Here, $B(\mathbf{\alpha})$ is a complicated function of $\mathbf{\alpha}$ that's just there to ensure that the joint pdf of $\mathbf{\Theta}$ integrates to 1.

#### (1) Show that the Dirichlet is a conjugate prior for the multinomial model.

To simplify this a little, assume that you have a single observation $\mathbf{x} = (x_1, x_2, \ldots, x_k)$ from the multinomial model.

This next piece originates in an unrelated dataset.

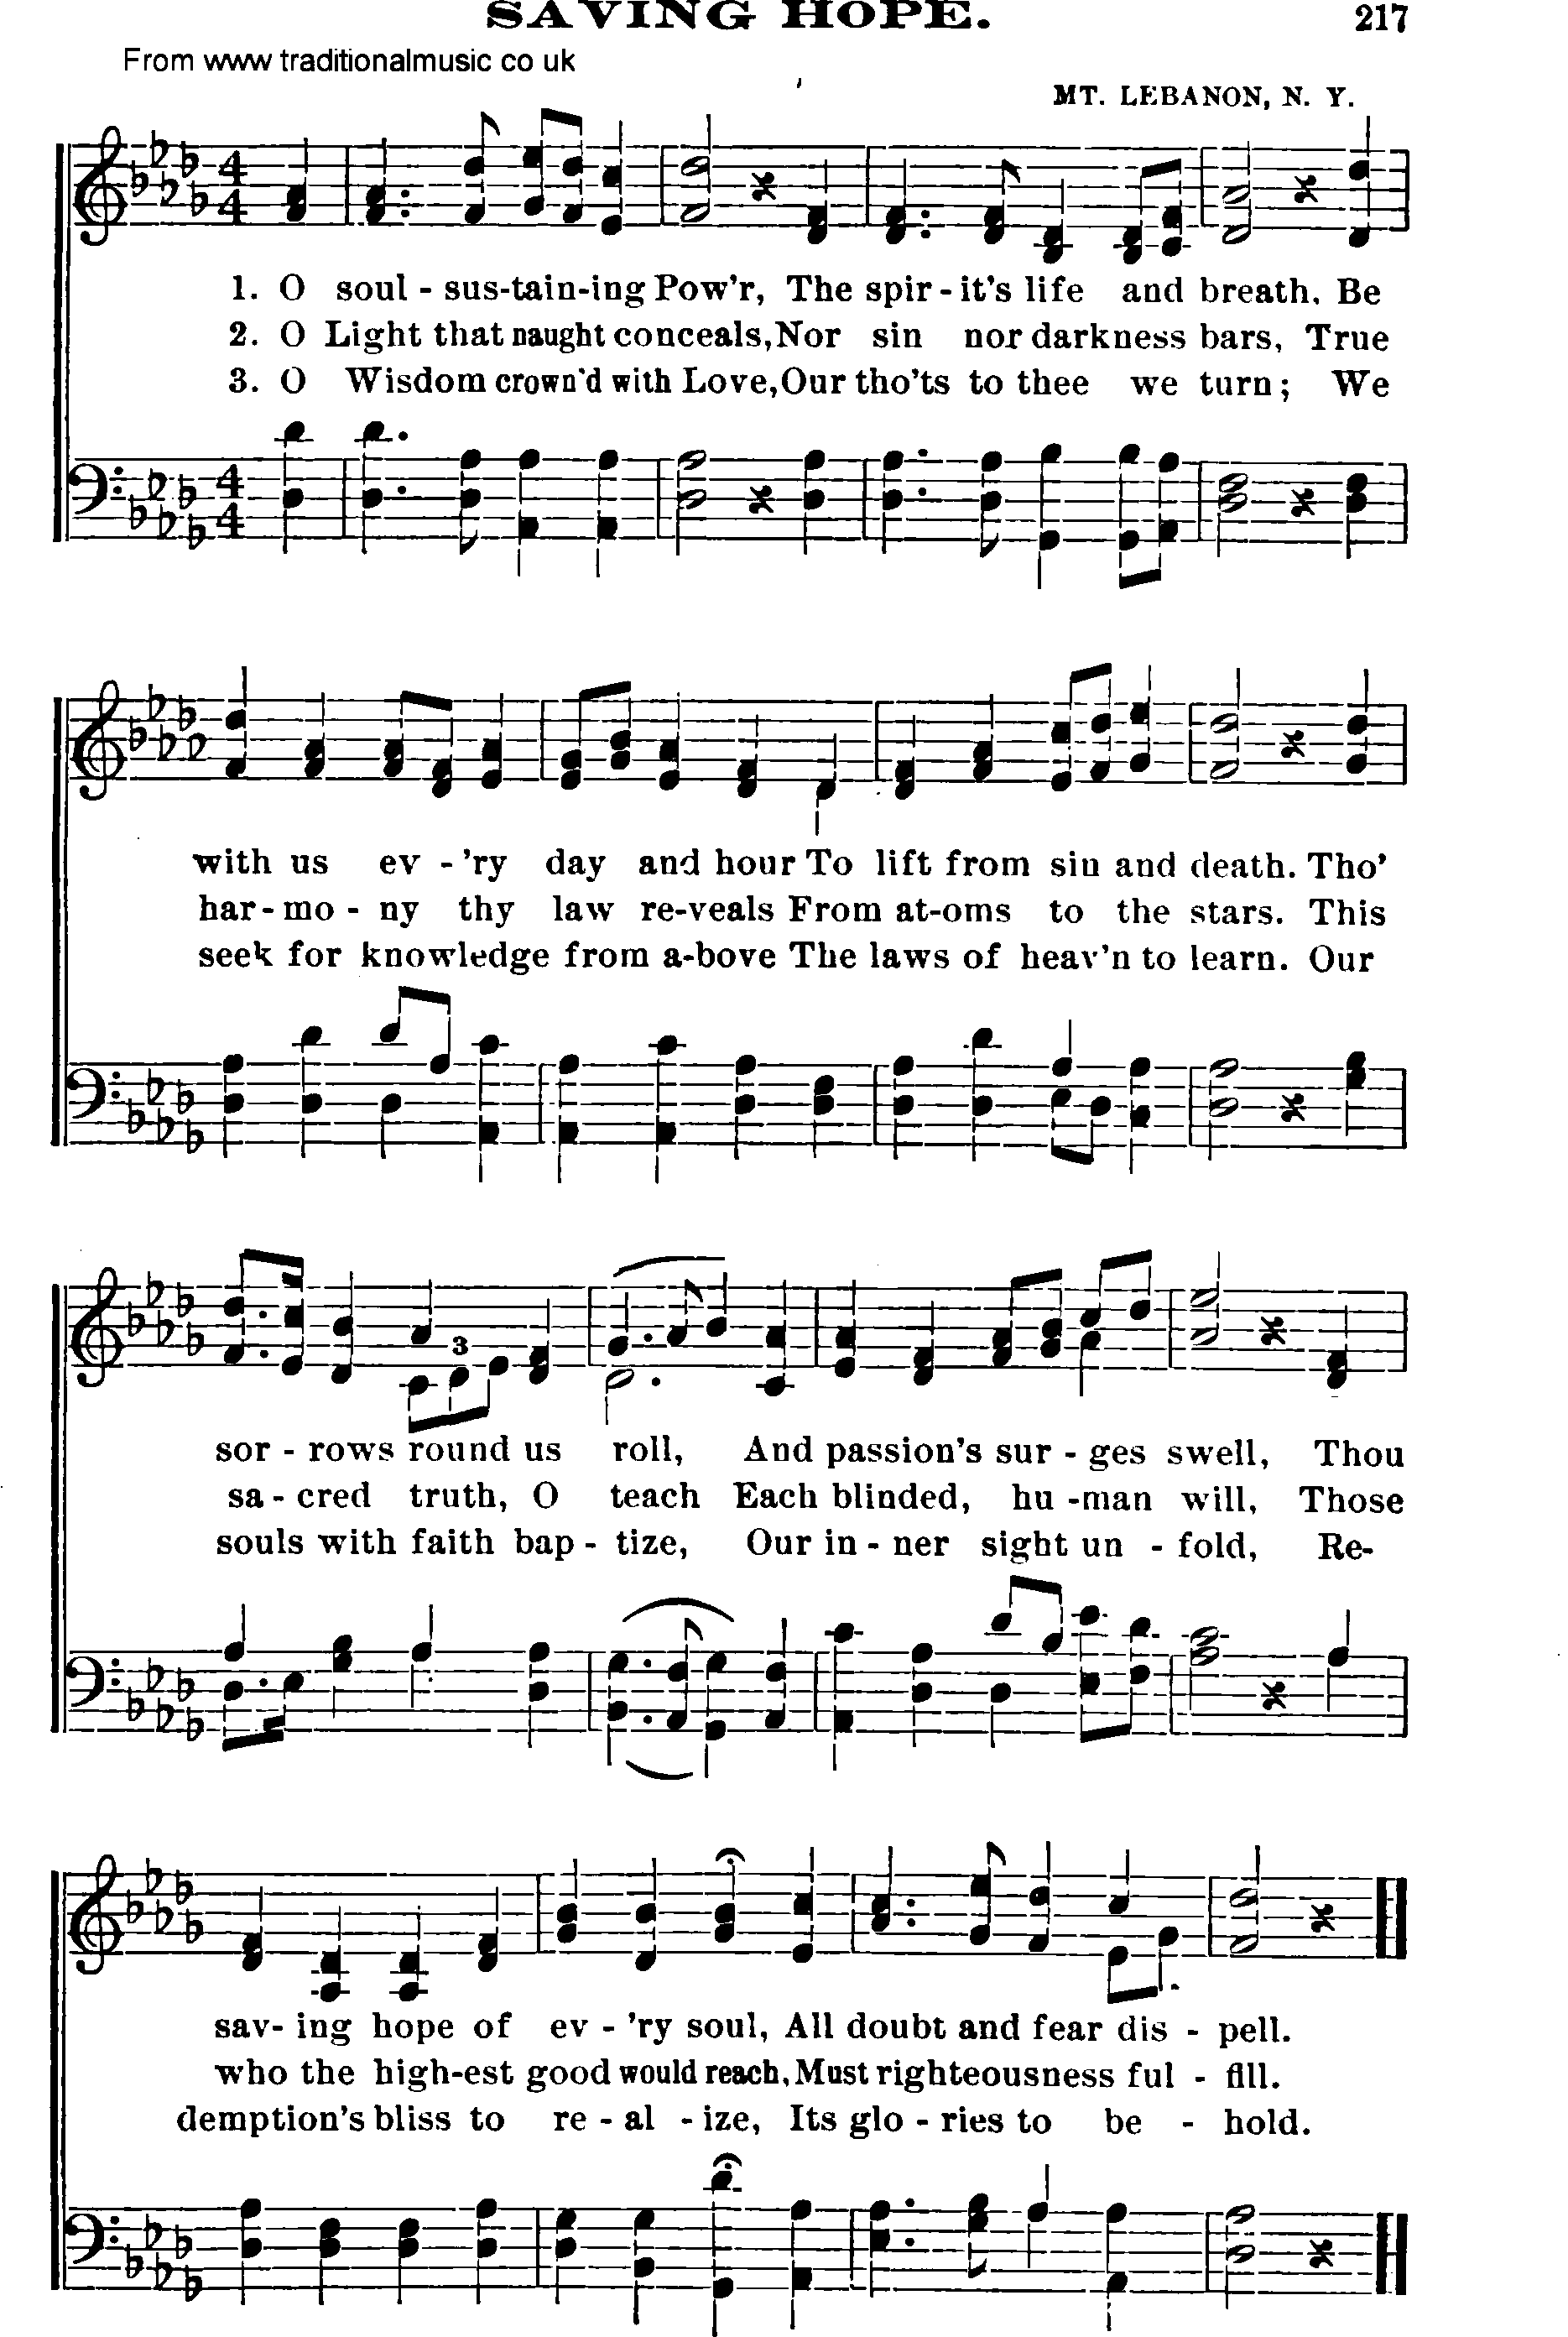 Shaker Music collection, Hymn: saving hope, sheetmusic and PDF

## Problem III: Bayes Intuition

Write a couple of paragraphs explaining what a prior distribution is, what a posterior distribution is, and how Bayes' rule gets us from one to the other.  You can include formulas, but you should also have some written sentences describing what's happening in the formulas.  Your first paragraph should explain these ideas in a general setting, and your second paragraph should illustrate them in the context of a specific example such as estimating the proportion of M&Ms that are blue based on a sample of $n$ M&Ms (you can pick a different example if you prefer).

This problem will be graded by Evan, and you will have an opportunity to submit a revision to your answer for up to full credit after receiving feedback.